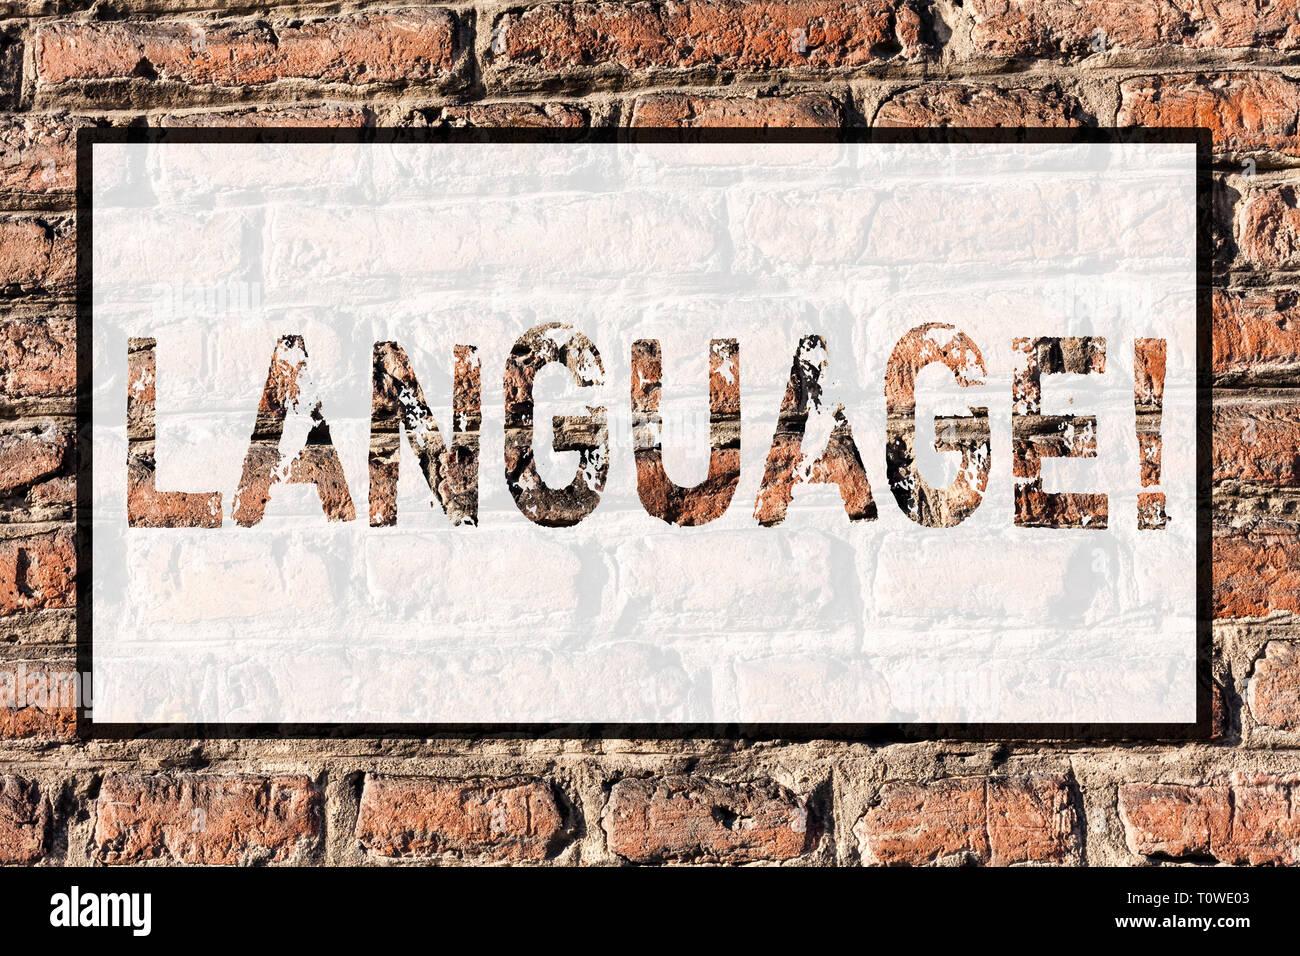 Word writing text Language. Business photo showcasing Method of huanalysis communication Spoken Written Use Words Expression Brick Wall art like Graff - Stock Image
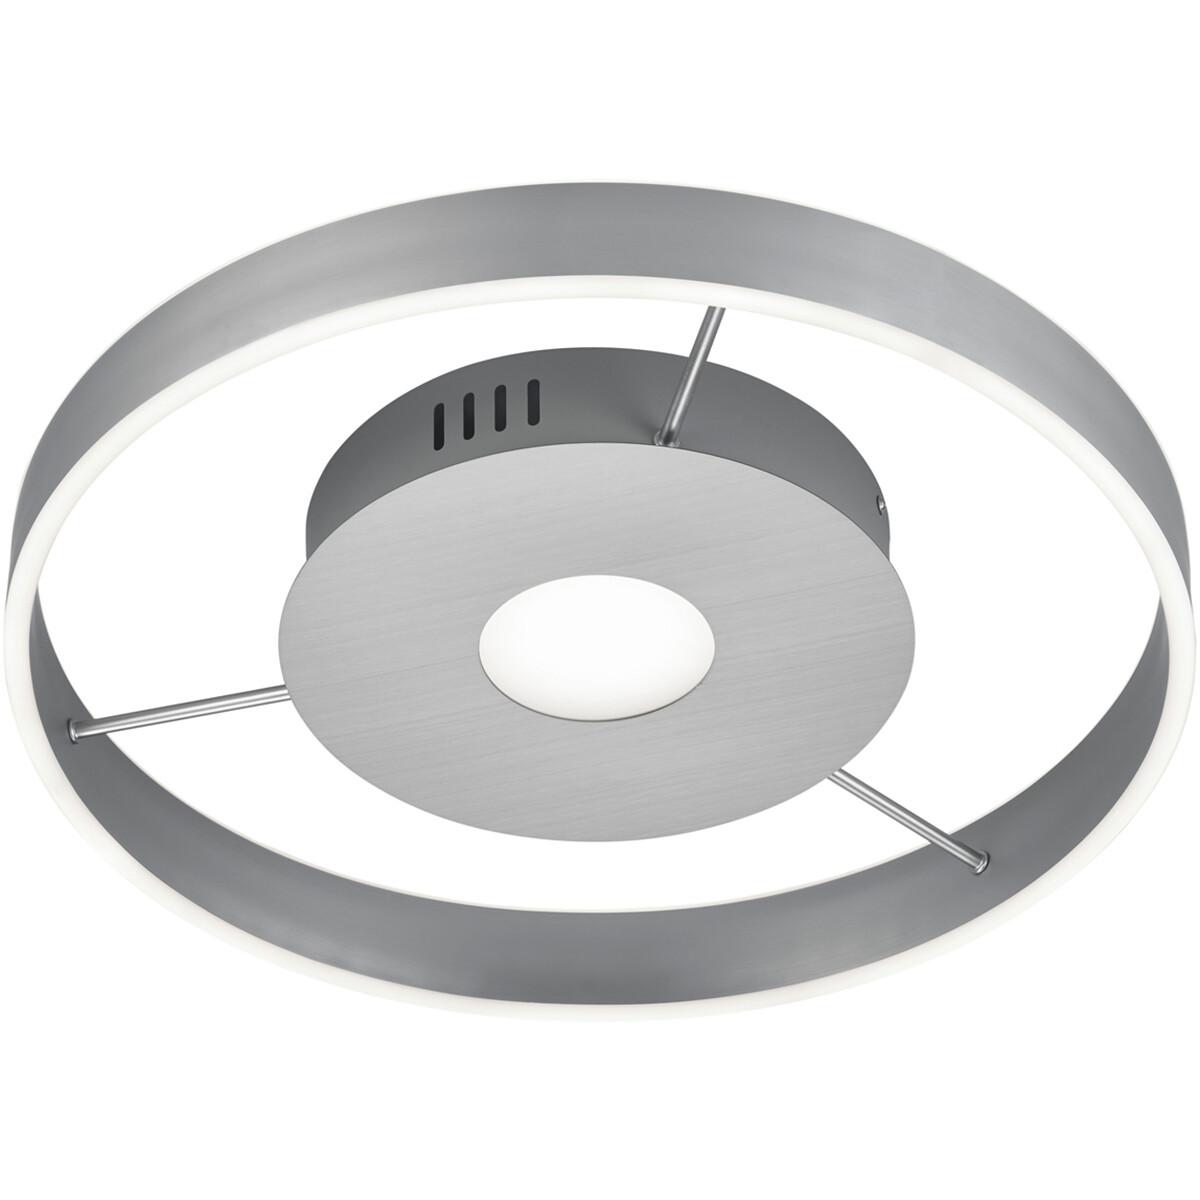 LED Plafondlamp - Plafondverlichting - Trion Lonag - 45W - Aanpasbare Kleur - Rond - Mat Nikkel - Al
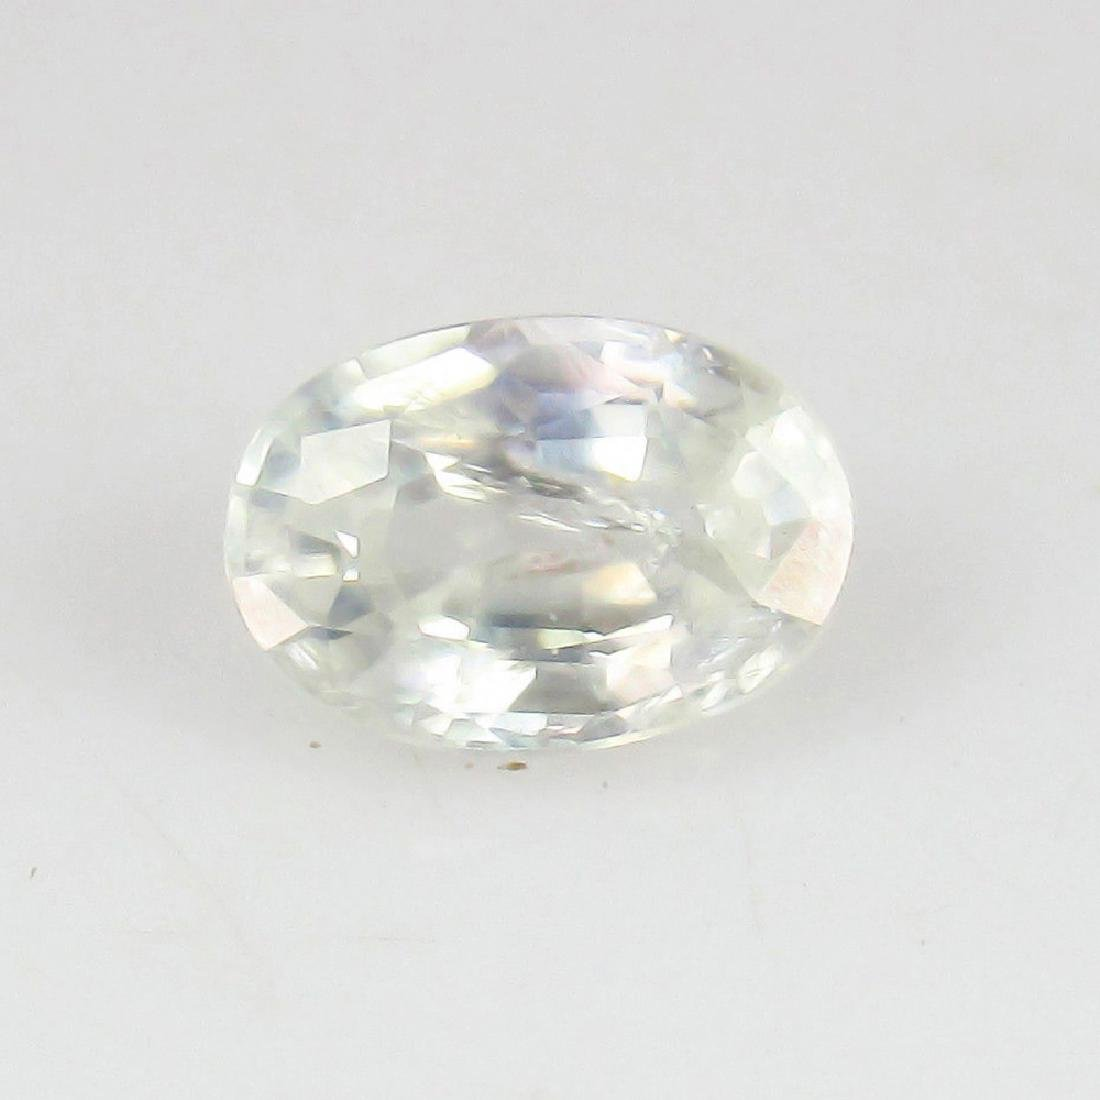 1.18 Ct Genuine Ceylon Unheated White Sapphire 7X5 mm

▶ _INSTRUCTIONS TO FOLLOW_: Give the data again exactly, image-free.

▶ _RESULT_:
 Word writing text Language. Business photo showcasing Method of huanalysis communication Spoken Written Use Words Expression Brick Wall art like Graff - Stock Image
 LED Plafondlamp - Plafondverlichting - Trion Lonag - 45W - Aanpasbare Kleur - Rond - Mat Nikkel - Al
 1.18 Ct Genuine Ceylon Unheated White Sapphire 7X5 mm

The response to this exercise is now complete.